FIGS. 1A-1D show the normalized MS response from SEC-MS, observed as a function of mobile phase pH and ionic strength. Showing that from Size Exclusion Chromatography (SEC) -MSNormalized MS signal response for IdeS digested (shown in figure 1A) and intact NIST mAb (shown in figure 1B) with 50mM ammonium acetate mobile phase at different pH values. Also shown are normalized MS signal responses on SEC-MS with different ionic strengths of pH 5 ammonium acetate mobile phase, IdeS digested (shown in figure 1C) and intact NIST mAb (shown in figure 1D). For figures 1A-1D, normalized MS signal response of IdeS digested NIST mAb was calculated as the percentage ratio of the total peak area of m/z 4245.8 ± 1.5 and 3376.7 ± 1.5 in the extracted ion chromatogram to the total peak area in the IdeS NISTmAb elution window in the UV chromatogram. Normalized MS signal response of intact NIST mAb was calculated as the percentage ratio of the peak area of m/z 5295.1 ± 1.5 in the extracted ion chromatogram to the total peak area in the elution window of intact NIST mAb in the UV chromatogram. MS Signal response at 4.6mm × 150mm ACQUITY UPLC protein BEH SEC column ((R))1.7 μm) using ACQUITY coupled to a Xevo G2-S QTOF mass spectrometerI-Class System measurement. The separation conditions can be found in example 1. Figures 1A-1D show that an increase in mobile phase pH has a greater effect on the Mass Spectral (MS) signal of the intact and IdeS digested subunits of the monoclonal antibody (mAb) than an increase in ionic strength.

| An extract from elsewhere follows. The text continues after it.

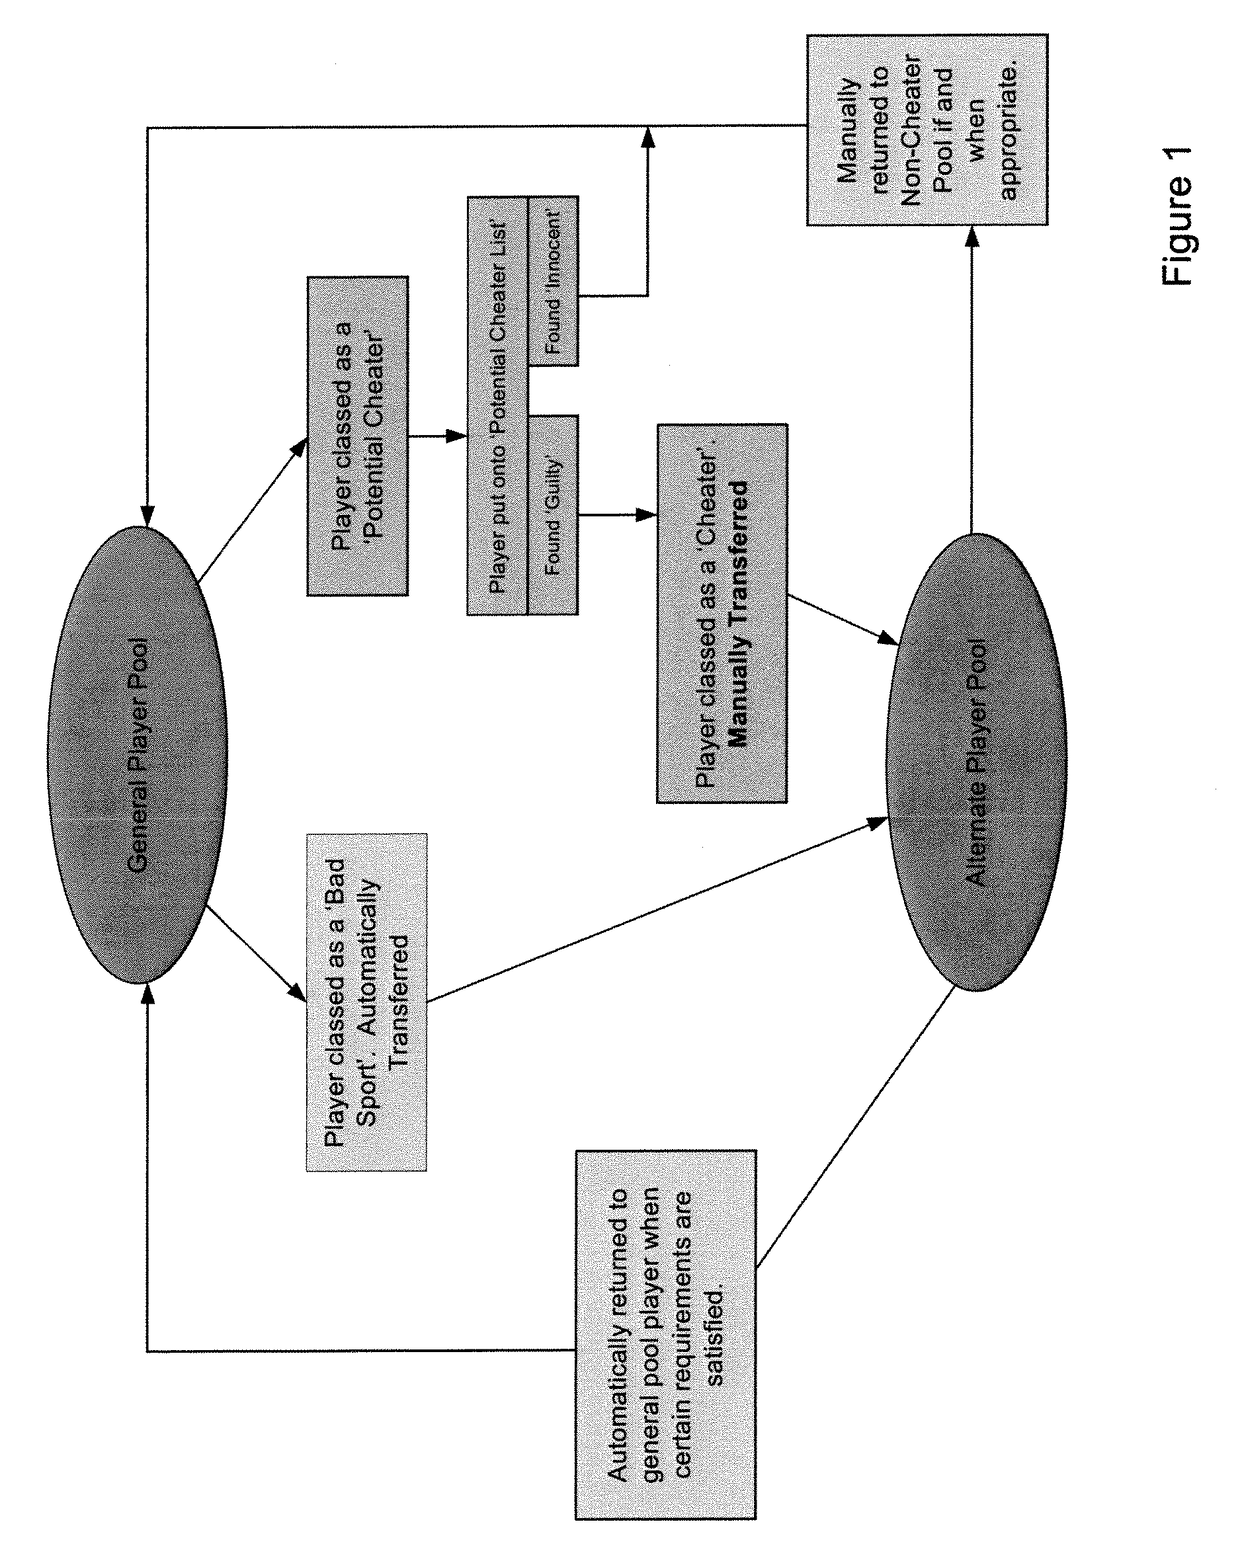 System and method for online community management

Figures 2A-2C show the effect of pH and ionic strength of the mobile phase on the on-line IEX-MS analysis of mabs. The UV chromatograms of the obtained NIST mAb (shown in figure 2A) along with pH (shown in figure 2B) and conductivity trace (shown in figure 2C) are shown, with the mobile phase consisting of 50mM ammonium formate (pH 3.9) as buffer a and 150mM or 300mM ammonium acetate (pH 8.0 or 9.0) as buffer B. In FIGS. 2A-2C, the acid is shown withChromatograms were obtained on a 2.1X50mm BioResolve SCX mAb column from H-Class Bio System, and pH and conductivity traces were obtained with GE medical monitor pH/C-900. The separation conditions can be found in example 2.

Figures 3A-3C show mobile phases of ammonium formate/acetate versus ammonium acetate alone for on-line IEX-MS analysis of mabs. UV chromatograms (shown in figure 3A) and normalized MS signal responses (shown in figure 3B) of intact NIST mabs, as well as pH and conductivity traces (shown in figure 3C) obtained using a mobile phase system consisting of 40mM ammonium formate, 50mM ammonium acetate (pH 5.0) or 90mM ammonium acetate (pH 5.0) as buffer a, 200mM ammonium acetate (pH 8.2) as buffer B, with a linear gradient of 0% to 100% B, from 1.7 to 20.0 minutes, are shown. In FIGS. 3A-3C, the acid is shown withChromatograms were collected on a 2.1X50mm BioResolve SCX mAb column of H-Class Bio System and pH and conductivity traces were obtained with GE medical monitor pH/C-900, and normalized MS signal responses were measured as the ratio in thousandths of the total peak area in the basal peak chromatogram and UV chromatogram on a 2.1X50mm BioResolve SCX mAb column with ACQUITY coupled to a Xevo G2-S QTOF mass spectrometerI-Class System. The separation conditions can be found in example 2 and example 3.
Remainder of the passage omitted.